Dataset extract:

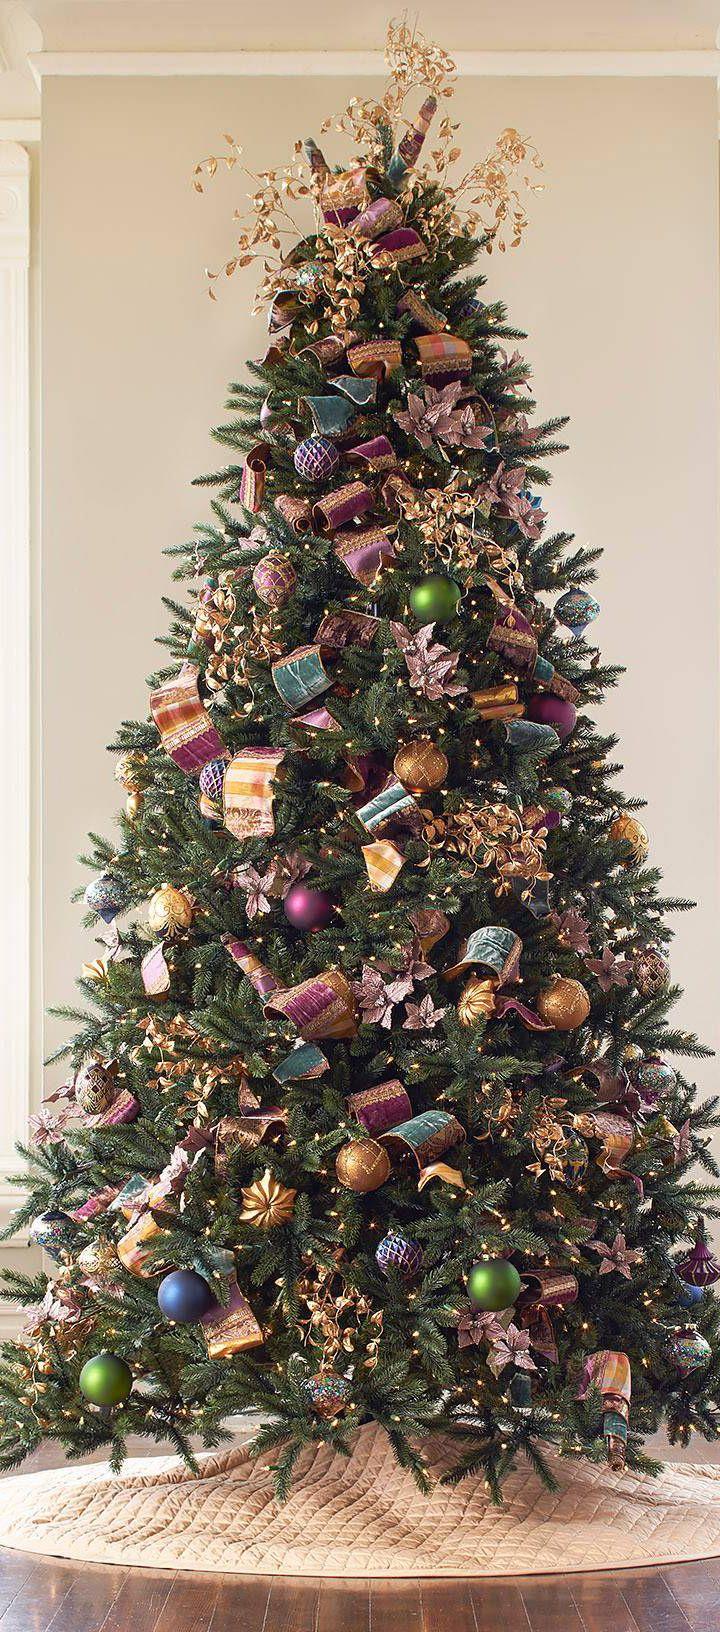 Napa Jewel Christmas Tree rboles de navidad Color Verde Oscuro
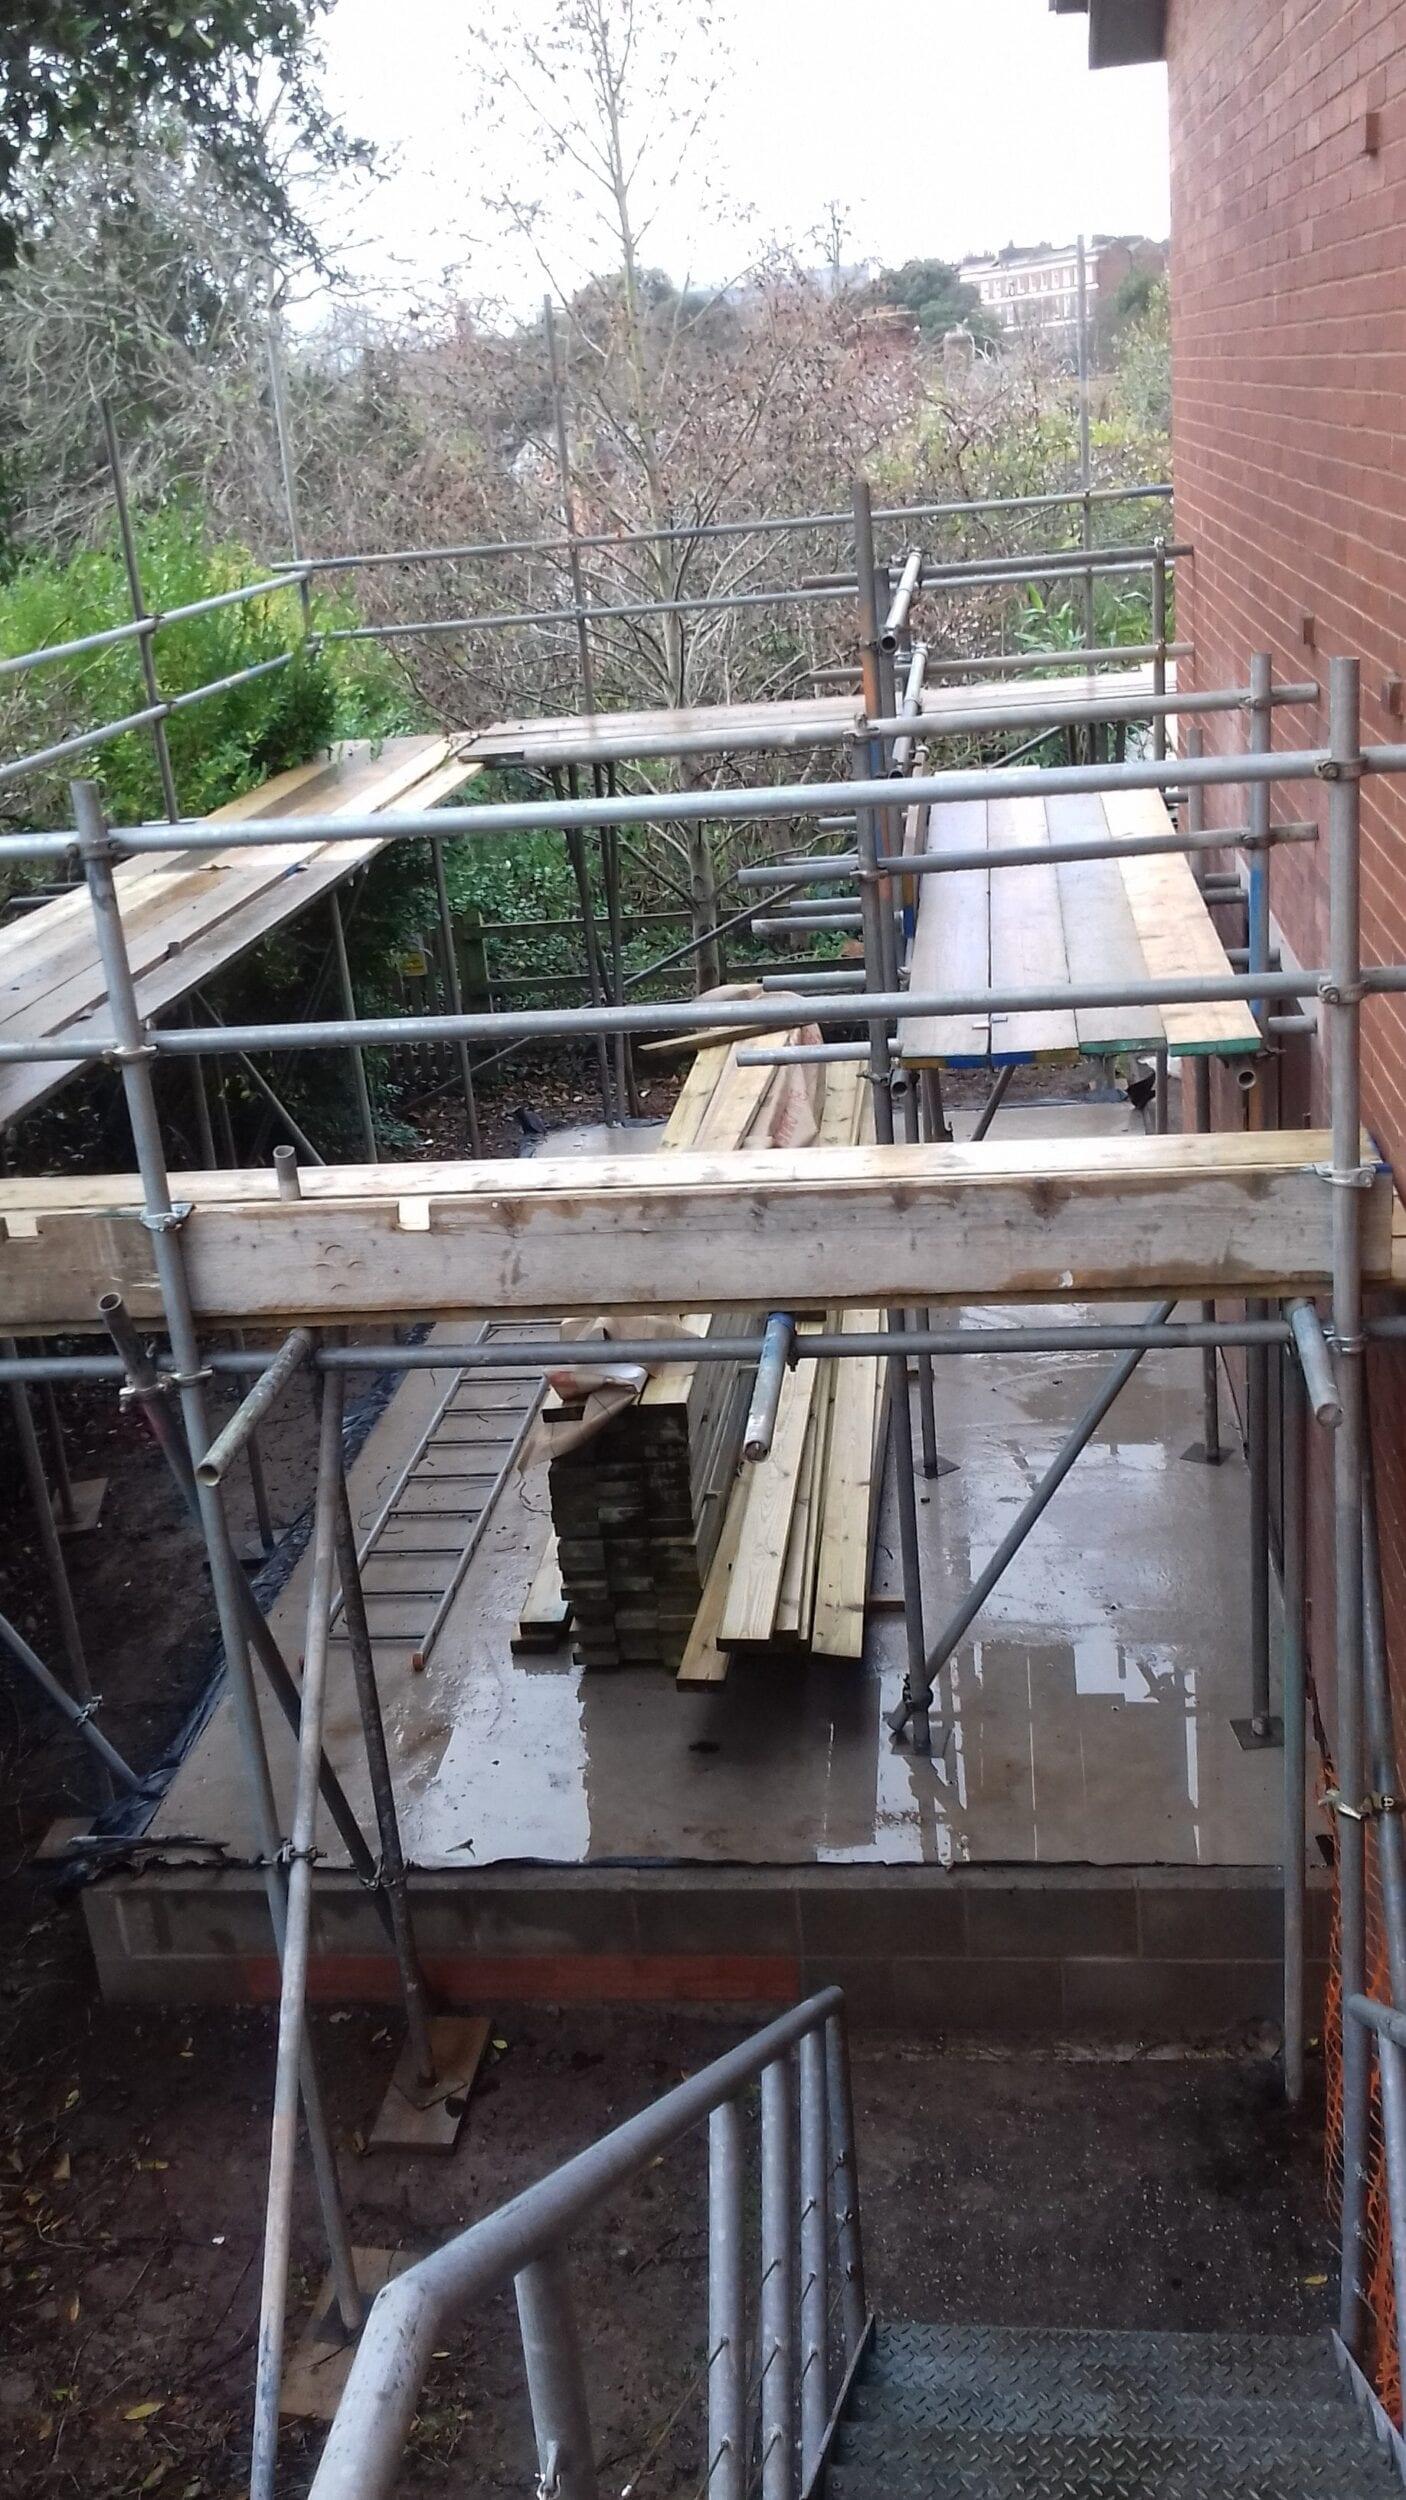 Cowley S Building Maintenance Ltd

* * *

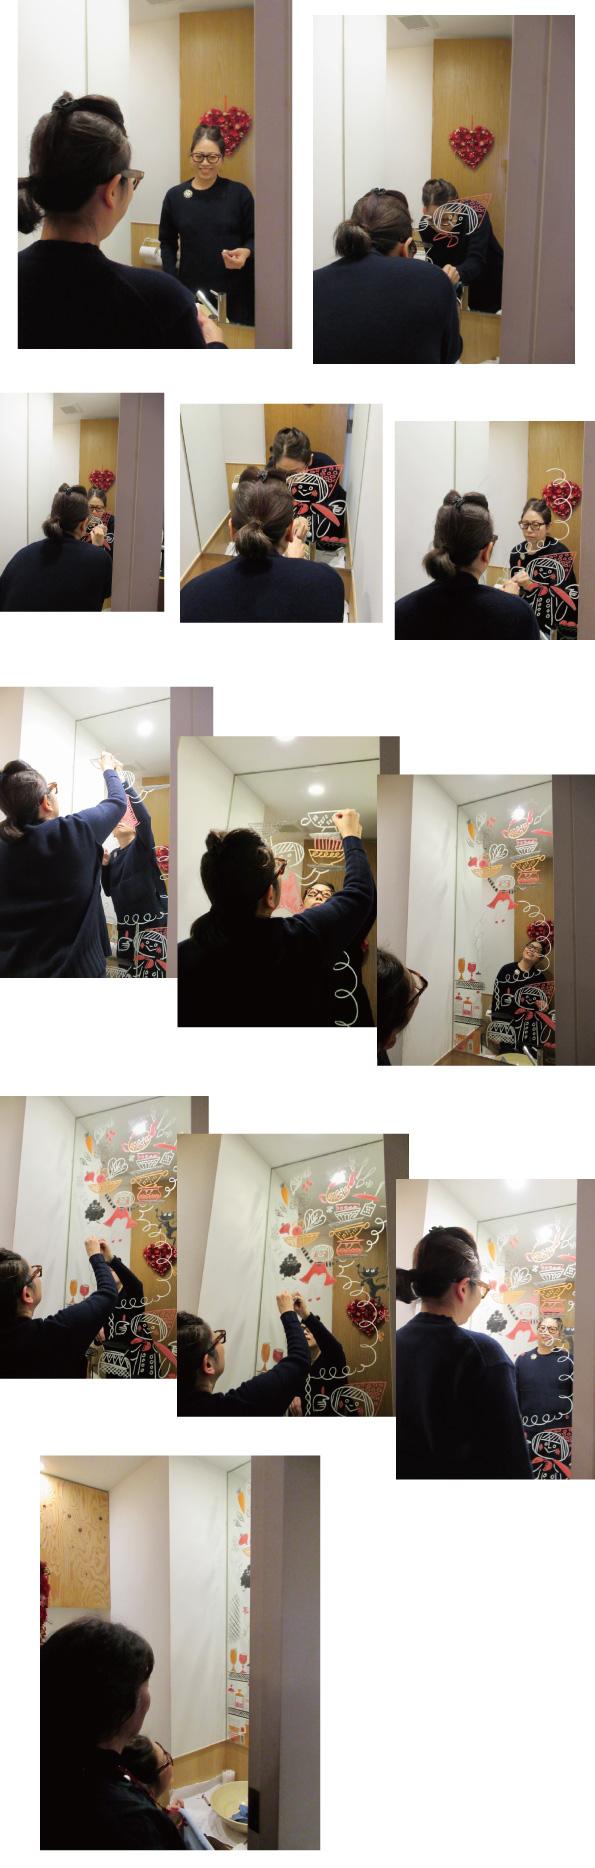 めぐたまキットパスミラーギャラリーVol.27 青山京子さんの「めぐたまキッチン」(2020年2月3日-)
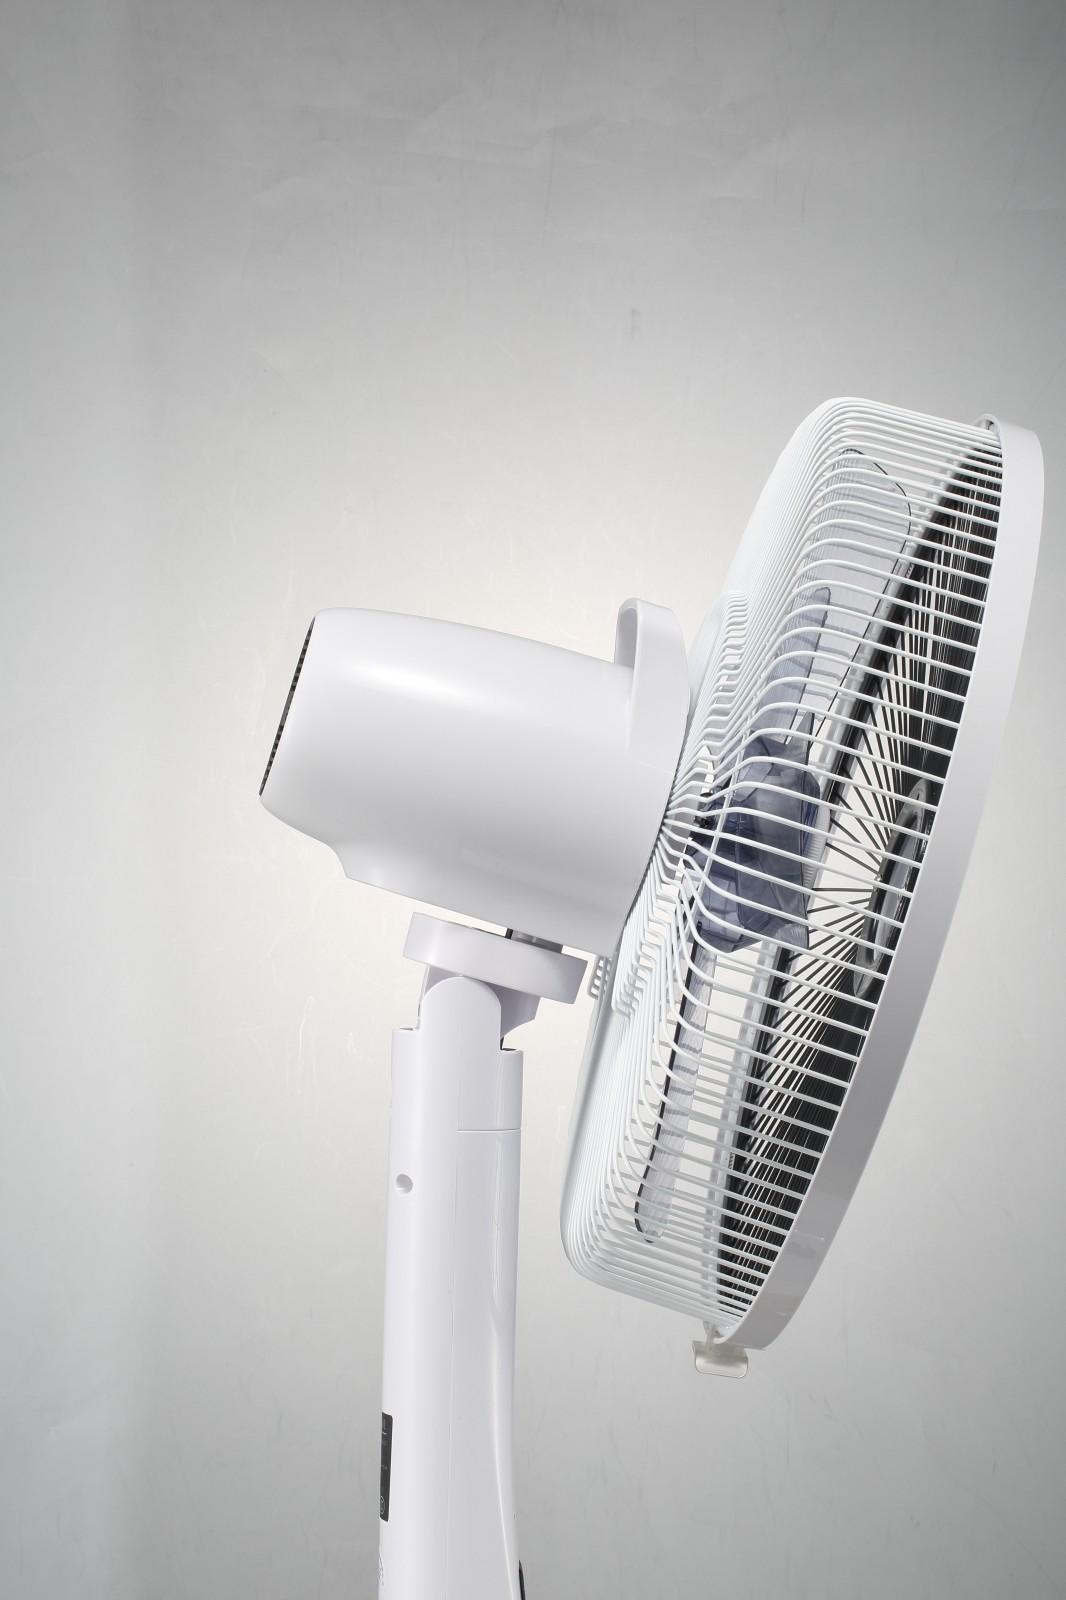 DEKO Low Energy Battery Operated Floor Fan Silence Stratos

* * *

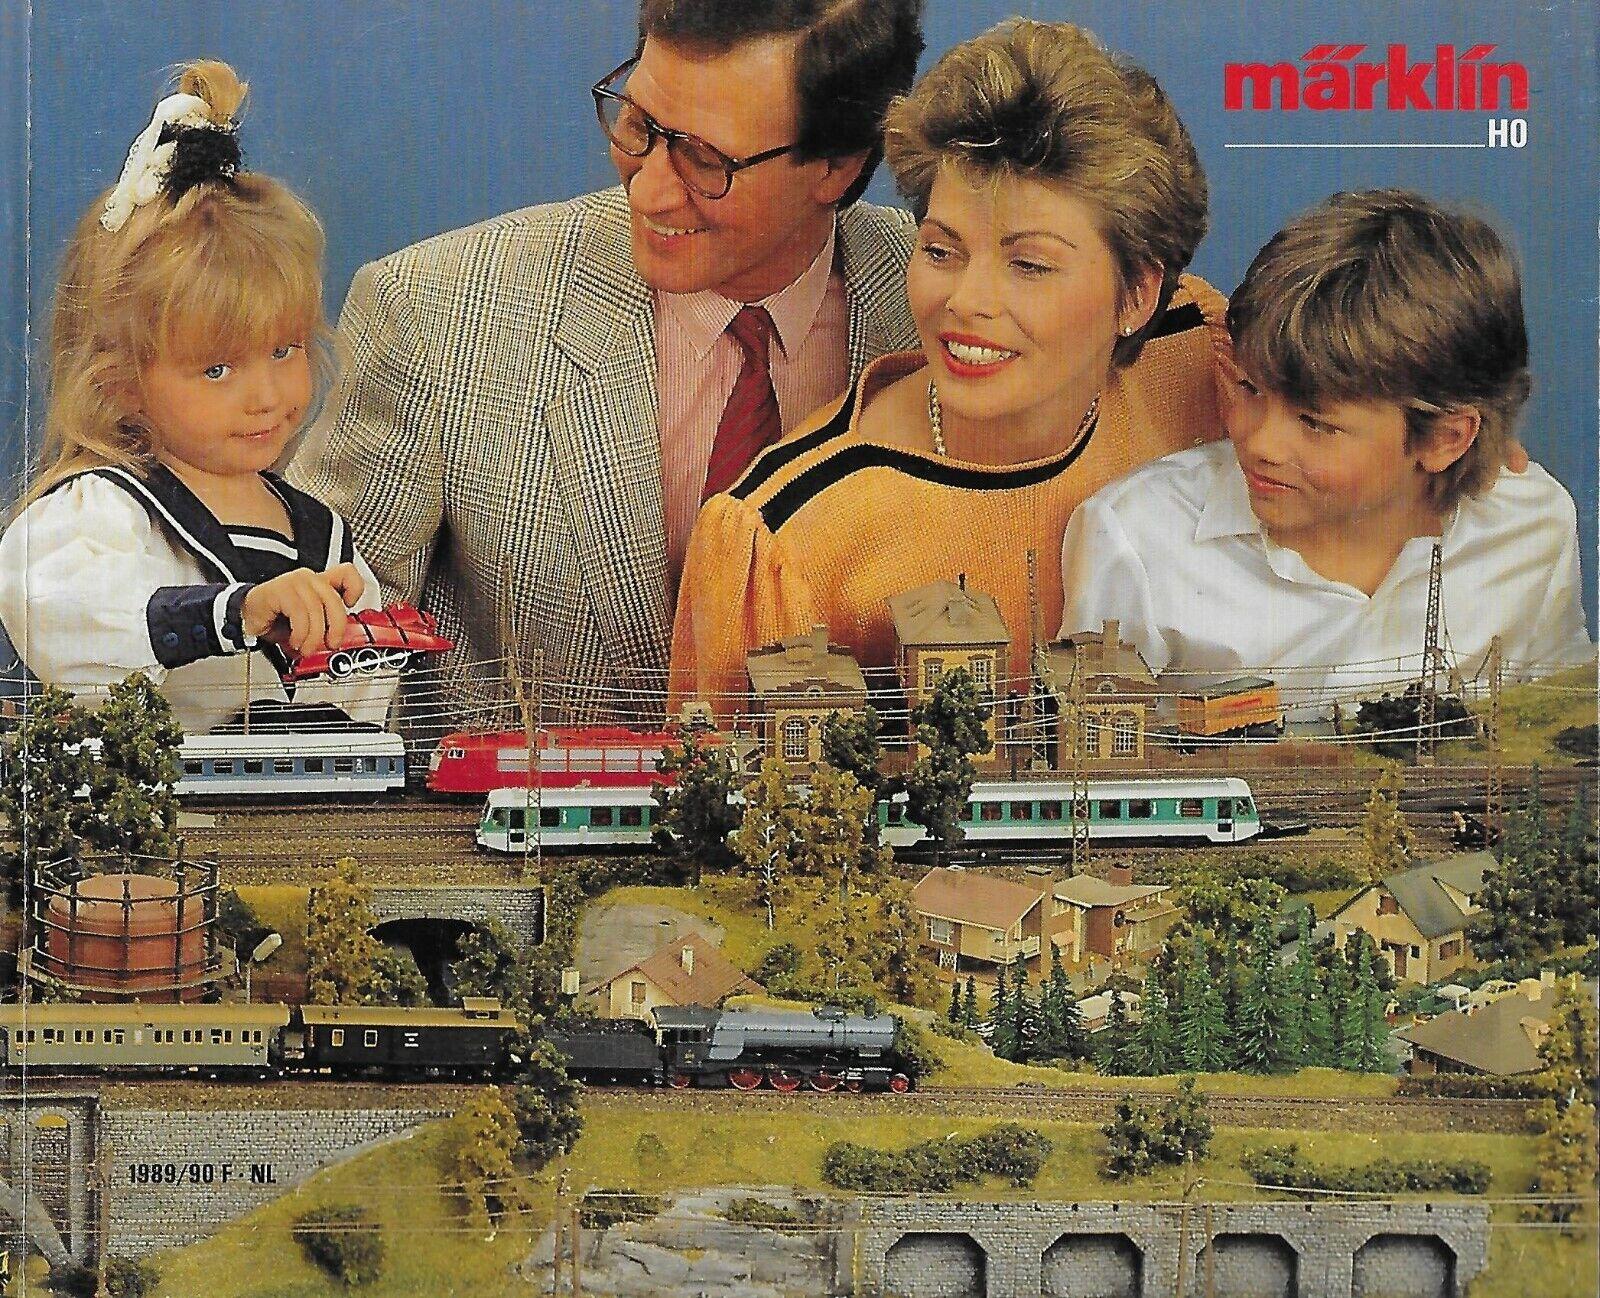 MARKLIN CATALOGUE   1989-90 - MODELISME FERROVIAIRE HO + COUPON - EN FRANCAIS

Goal of the exercise: An exact copy is needed of the entries above, starting at the line that holds "Napa Jewel Christmas" and stopping at the line that holds "Cowley S Building Maintenance Ltd", both kept; pictures stay out.

Finished exercise:
 Napa Jewel Christmas Tree rboles de navidad Color Verde Oscuro
 Cowley S Building Maintenance Ltd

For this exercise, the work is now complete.